La jolie Mme Bouchard l'écoutait, la tête basse, pelotonnée, montrant son cou délicat sous le bavolet de son chapeau rose. Quand il se fut soulagé, elle se leva, se dirigea vers la porte, sans dire un mot. Mais comme elle sortait, la main sur le bouton, elle leva la tête, et se remit à sourire, en murmurant:

«Il s'appelle Georges Duchesne. Il est commis principal dans la division de mon mari, et veut être sous-chef...

—Non, non!» cria Rougon.

Alors, elle s'en alla, en l'enveloppant d'un long regard méprisant de femme dédaignée. Elle s'attardait, elle traînait sa jupe avec langueur, désireuse de laisser derrière elle le regret de sa possession.

Le ministre entra dans son cabinet d'un air de fatigue. Il avait fait un signe à Merle qui le suivit. La porte était restée entrouverte.

«M. le directeur du Vœu national, que Son Excellence a fait demander, vient d'arriver, dit l'huissier à demi-voix.

—Très bien! répondit Rougon. Mais je recevrai auparavant les fonctionnaires qui sont là depuis longtemps.» A ce moment, un valet de chambre parut à la porte conduisant aux appartements particuliers.
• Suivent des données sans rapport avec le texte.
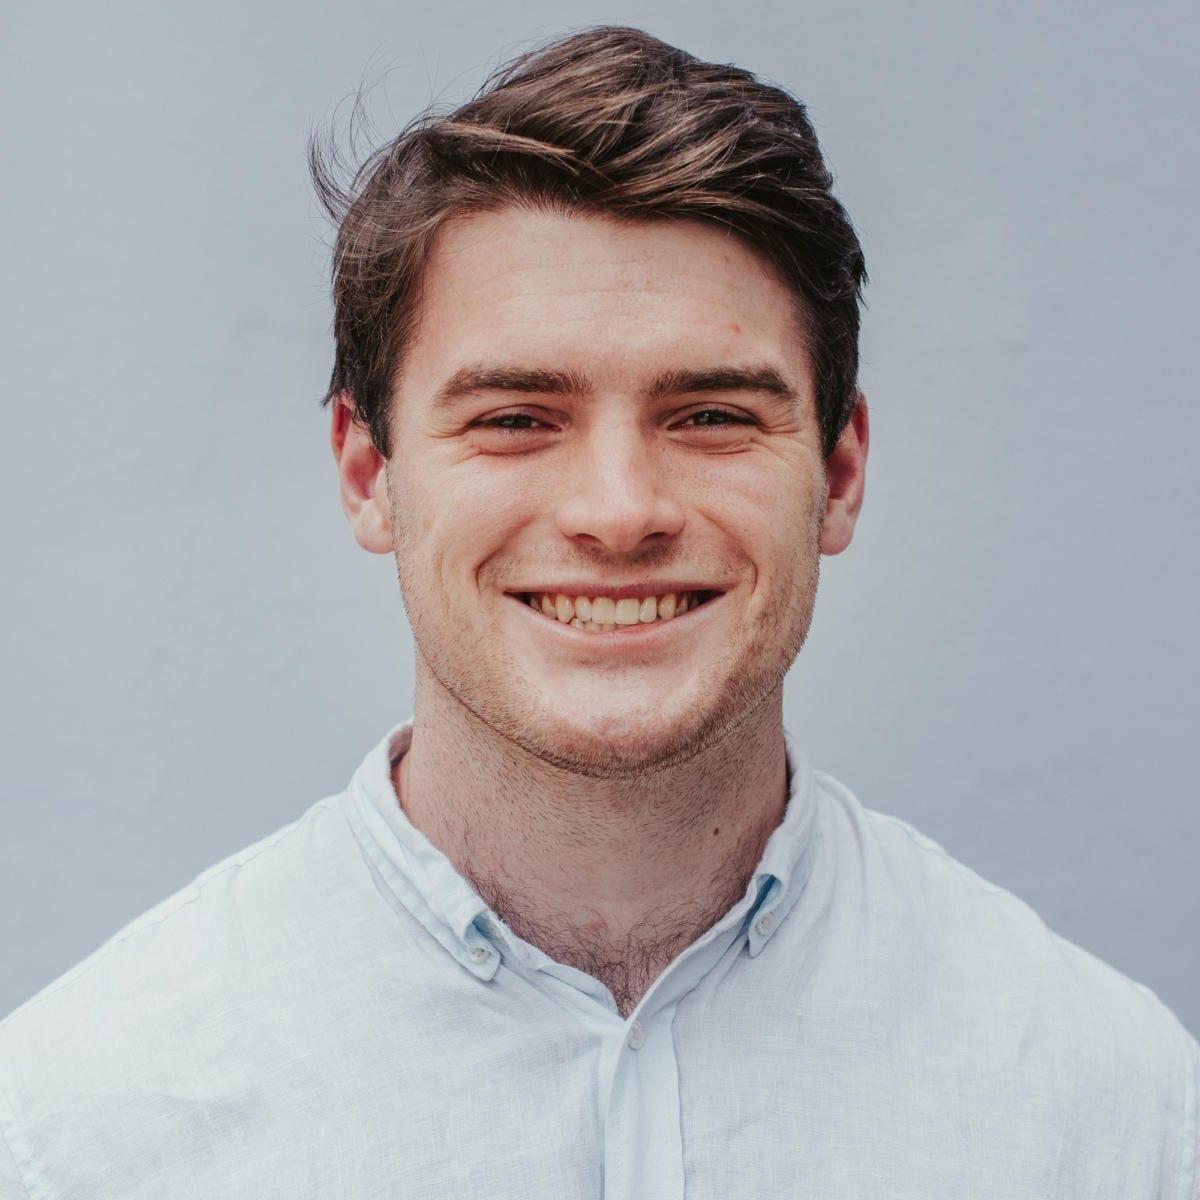 Member - Jacob Smith
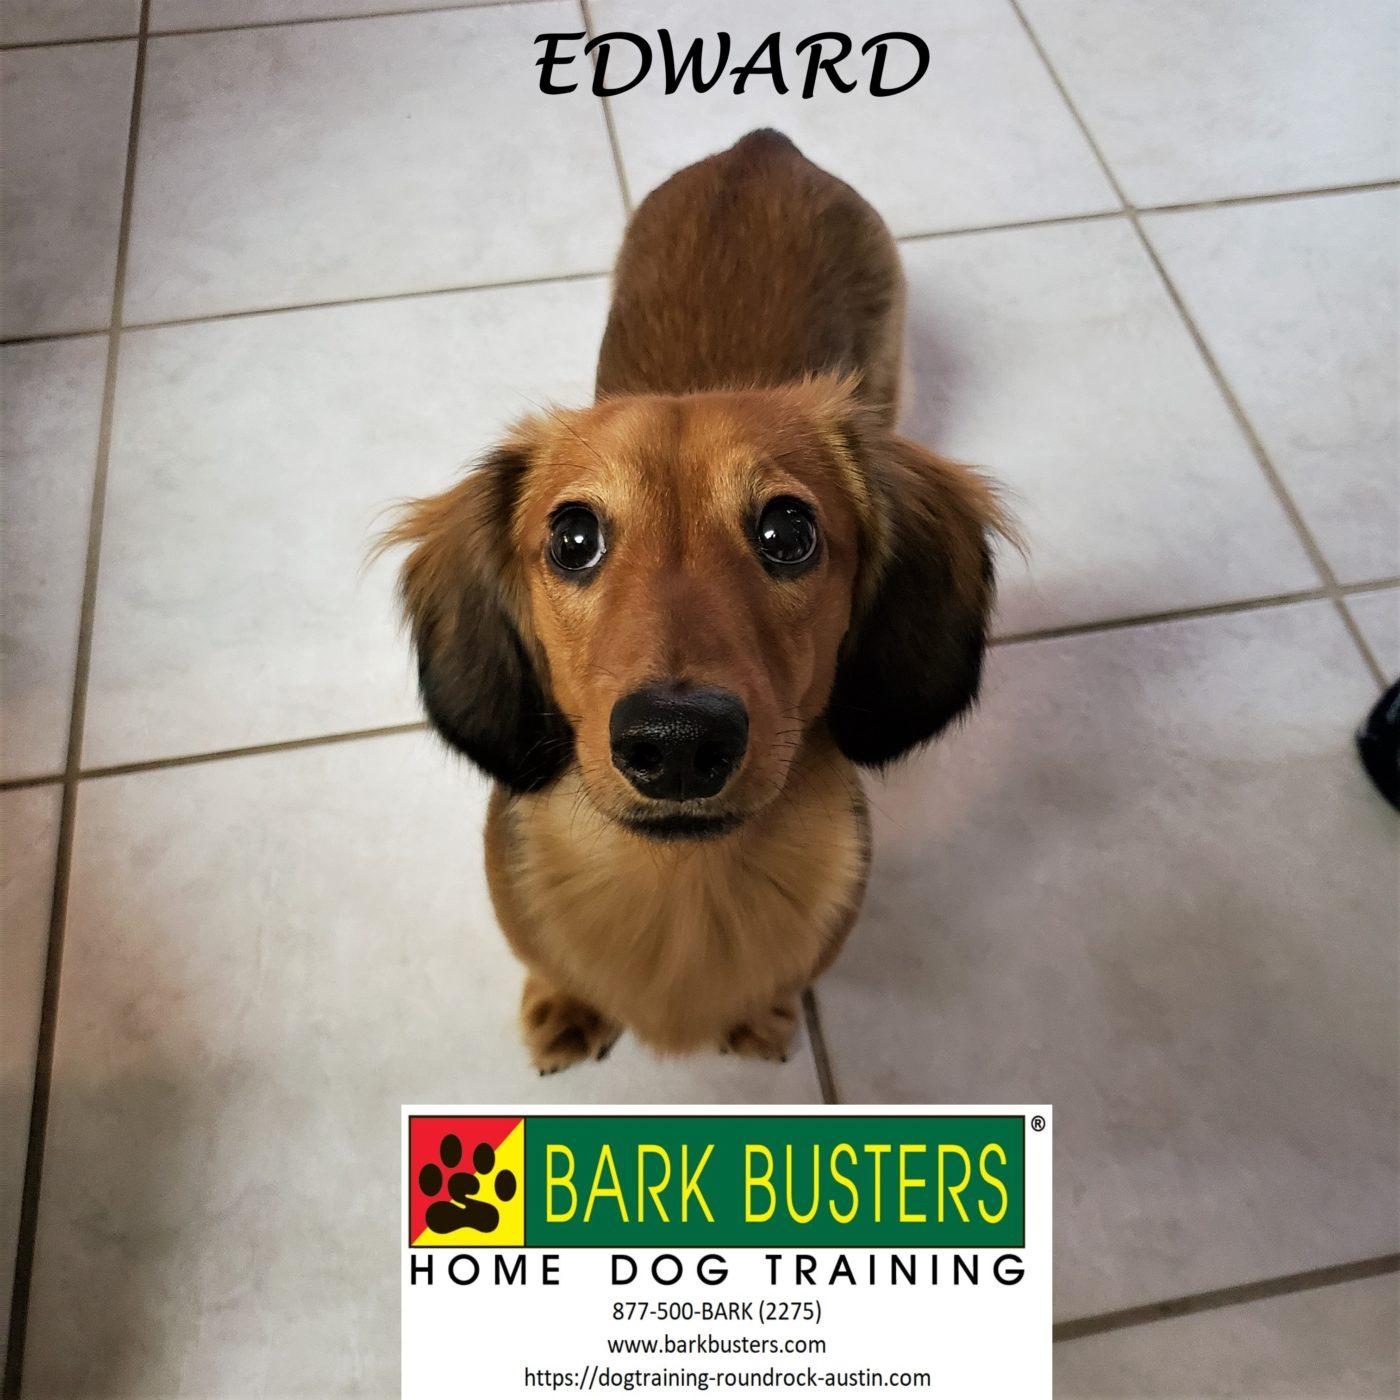 #dachshund #toilettraining #barking #destructivedog #dogsofbarkbusters #speakdog #inhomedogtraining #dogtraininggeorgetown #barkbusters

Il annonça que le déjeuner était prêt et que Mme Delestang attendait Son Excellence au salon. Le ministre s'était avancé vivement.

«Dites qu'on serve! Tant pis! je recevrai plus tard. Je crève de faim.»

Il allongea le cou pour jeter un coup d'œil l'anti-chambre était toujours pleine. Pas un fonctionnaire, pas un solliciteur, n'avait bougé. Les trois préfets causaient dans leur coin; les deux dames, devant la table, s'appuyaient du bout de leurs doigts, un peu lasses; les mêmes têtes, aux mêmes places, demeuraient fixes et muettes, le long des murs, contre les dossiers de velours rouge. Alors, il quitta son cabinet, en donnant à Merle l'ordre de retenir le préfet de la Somme et le directeur du Vœu national.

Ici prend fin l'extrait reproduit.